Козлы сели на травку. Прям как собаки, на задницу. Один оказался повыше и посолидней, с бородой, которая спускалась едва ли не до земли. Второй — пониже, но рога его поблескивали металлом.

Или казалось?

Главное, что оба слушали крайне внимательно.

— Началось всё с сообщения об аварии. Обычная. Водитель не справился с управлением, вылетел с трассы, столкнулся с грузовиком. Погиб. В целом происшествие банальное донельзя, но как только данные попали в систему, сработало предупреждение…

— Следят! — сказал Пётр Савельич важно и толкнул соседку. — Прям как ты за птичками!

Тётка Марфа фыркнула.

— Наблюдаем. Точнее система отслеживает некоторые имена. Исключительно, чтобы мы смогли среагировать, если у кого-то из подопечных случится проблема. Само собой, я выдвинулся на место. Протокол требовал провести собственное расследование. Тем паче… скажем так, есть люди действительно незаменимые. И ваш дед был из их числа. Его гибель практически застопорила исследования, хотя незадолго до случившегося он упоминал о прорыве, о том, что ему почти удалось понять принцип формирования перехода. Естественно, мы сразу заподозрили, что смерть эта не случайна. Допросили водителя грузовика. С помощью артефакта. Да и ваша бабушка, узнав о случившемся, прибыла так быстро, как смогла. Однако водитель был не виновен. Он давно работал в компании, обычный среднестатистический человек. И компания такая же. Стройку вела. И вот уже месяц водитель следовал одним и тем же маршрутом, от котлована до места сброса песка…

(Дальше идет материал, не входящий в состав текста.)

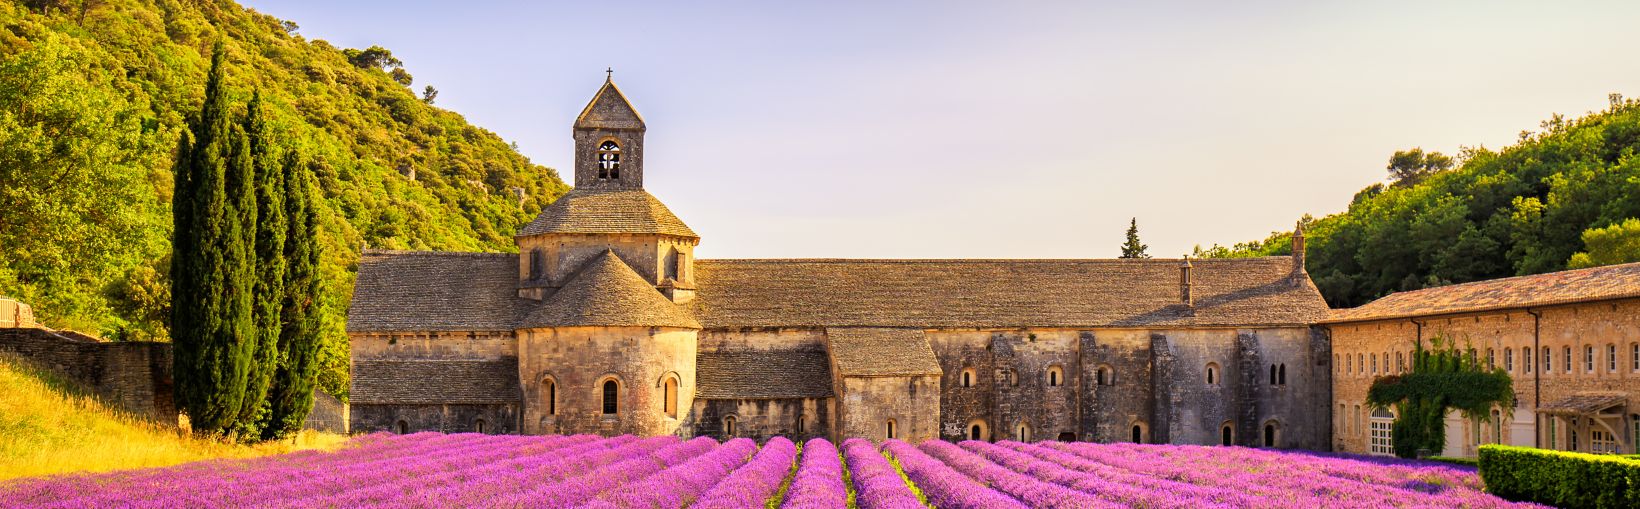 Senanquen luostari ja laventelinkukkia Provencessa, Ranskassa

Фёдор Фёдорович замолчал. И стало слышно, как стрекочут кузнечики.

— Само собой, наши люди отправились на квартиру к вашему деду. Изъяли все записи. Все источники информации. Это также стандартная процедура.

— У них там столько стандартных процедур, — проворчал Пётр Савельич. — Что они и до ветру по уложению ходят…

— А характер ваш пенсия не улучшила. Вы определённо преувеличиваете проблему. Впрочем, это вопрос открытый. Касаемо же дела, именно тогда и поступило сообщение, что незадолго до смерти ваш дед забрал Прототип. Но в машине его не нашлось. И в квартире. И в целом…

— Не нашлось, — тихо произнёс Лёшка.

Странно так.

Живёшь себе, живёшь. В школе вон учишься. В университете. Работаешь опять же. А оно вон, оказывается, как было.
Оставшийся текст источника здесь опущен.